Такой же чистый ровный пробор в волнистых черных волосах, но только побитых сединой, я видел две недели назад. Человек, как и положено, стоял на коленях, лицом к серой, грубо оштукатуренной стене. В стороне толпились Елисеич, новый шеф Петр Никанорыч, конвоир и врач. Елисеич стал читать приговор. Я вынул из кобуры «макара», приготовился… Стоящий на коленях достал вдруг из-за щеки обручальное золотое кольцо, на котором блеснуло солнце.

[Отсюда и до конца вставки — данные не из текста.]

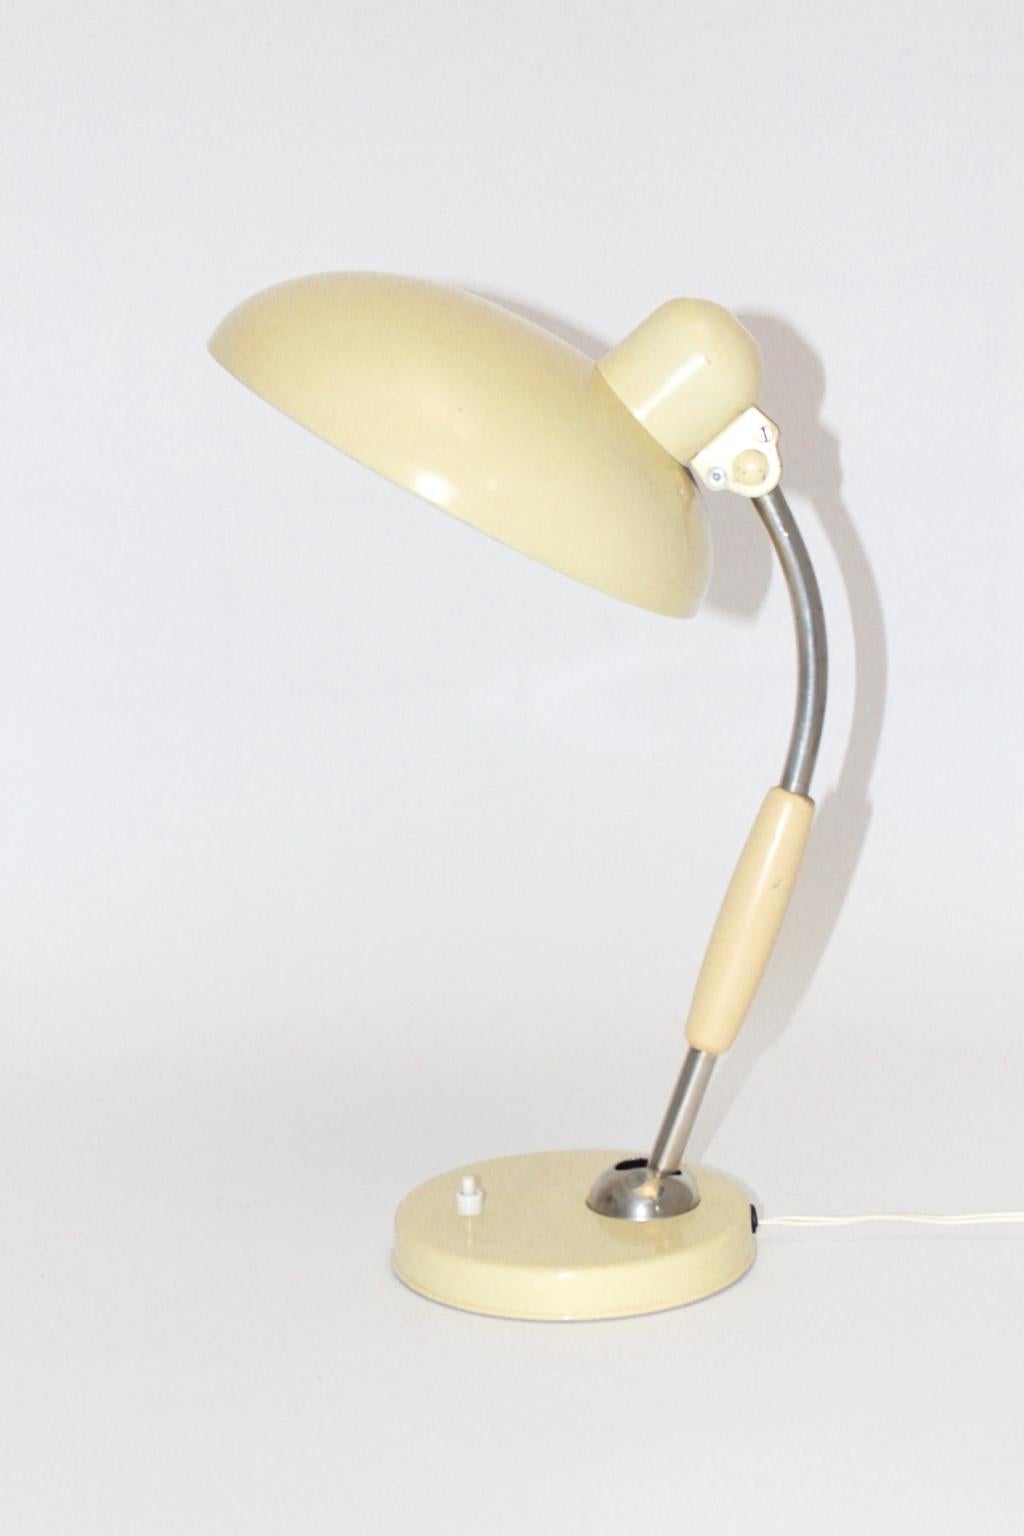 Cette lampe de table de couleur ivoire a été conçue par Christian Dell en 1933 et produite par Koranda, en Allemagne, vers 1950. En outre, la lampe de table était composée de pièces en métal et en bois. La lampe de table comporte également des

Солнце золотит шампанское в фужерах, народ кричит «горько!», жених нежно обнимает невесту и целует в пухлые пунцовые губы. «Ух, и хороша невеста! — шумно выдыхает при этом лысый сморщенный старичок, сидящий рядом со мной, к которому все обращаются „дед Ромка“. — Прямо-таки бутон. Розан пышный!» На него шикают соседи, но дед не унимается. Он говорлив, болтлив, но не дурак, а скорее философ. Слушать его интересно. Он говорит, что в жизни торжествует ничтожество, правит бал посредственность, поэтому будьте прохожими, меньше разочаруетесь и потеряете. Он чем-то напоминает нашего бывшего шефа, того, который десять лет назад вызвал меня к себе.

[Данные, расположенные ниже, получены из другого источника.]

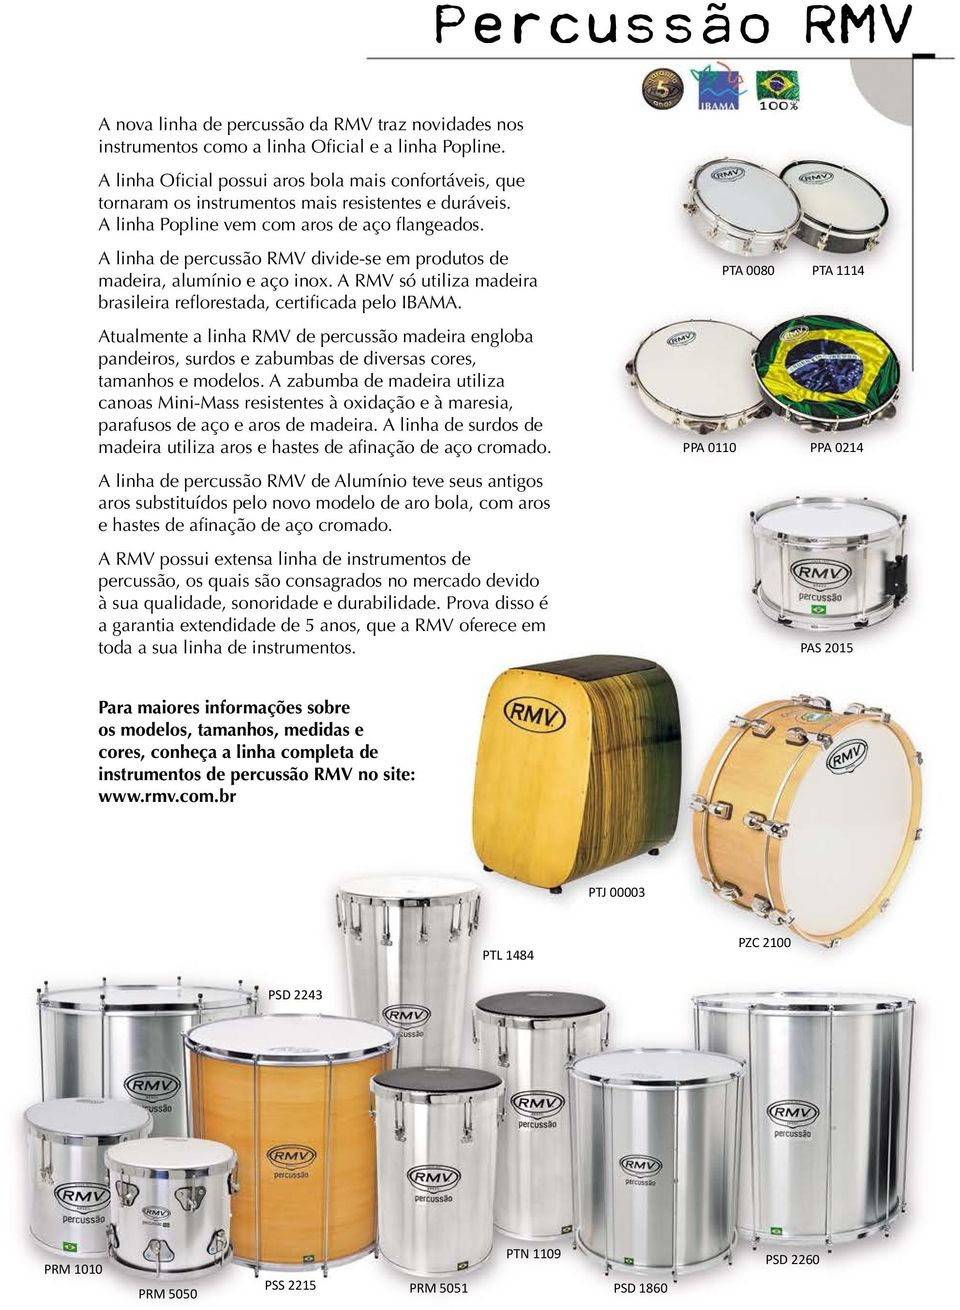 A linha de percussão RMV divide-se em produtos de madeira, alumínio e aço inox. A RMV só utiliza madeira brasileira reflorestada, certificada pelo IBAMA.

К тому времени, когда шеф вызвал меня к себе, работа мне уже разонравилась, я думал об уходе, поэтому мне было все равно, зачем вызывают. Зайдя, увидел на столе у шефа свое «личное дело», которое он поспешно прикрыл какой-то папкой и хитровато спросил меня с порога: «Ну, как живешь? Бога боишься?» — и после чего стал оживленно и довольно непринужденно болтать. Обо всём на свете! Слушать его было одно удовольствие. Никогда не думал, что наш шеф может быть таким занятным собеседником. Он говорил, что на свете обречены все, и мы тоже, но это-то как раз и заставляет человека оставаться человеком; и что мудрец всегда думает о смерти, ибо она близка, у каждого, можно сказать, за спиной стоит; и что уход из жизни так же важен, как и сама жизнь, если не важней. И даже о женщинах запомнилось его высказывание: что есть ужас, какие дуры и прелесть, какие дурочки. Интересно было с ним общаться. Часы пролетели — одной минутой, и только под конец беседы он сказал, что недавно умер Солодарь — увы, в природе нет милосердия, даже к праведникам! — тот, который, вспомнилось мне, никогда, кажется, не бывал трезвым. (Но, странное дело, начальство смотрело на эту его особенность почему-то сквозь пальцы. Теперь понятно — почему…) Мне было предложено занять его место. После часа раздумий, хождений в коридоре, — я согласился. Тут же получил черную маску, «макара» и несколько обойм патронов. Приступать к исполнению новых обязанностей нужно было уже в тот же день, через пару часов.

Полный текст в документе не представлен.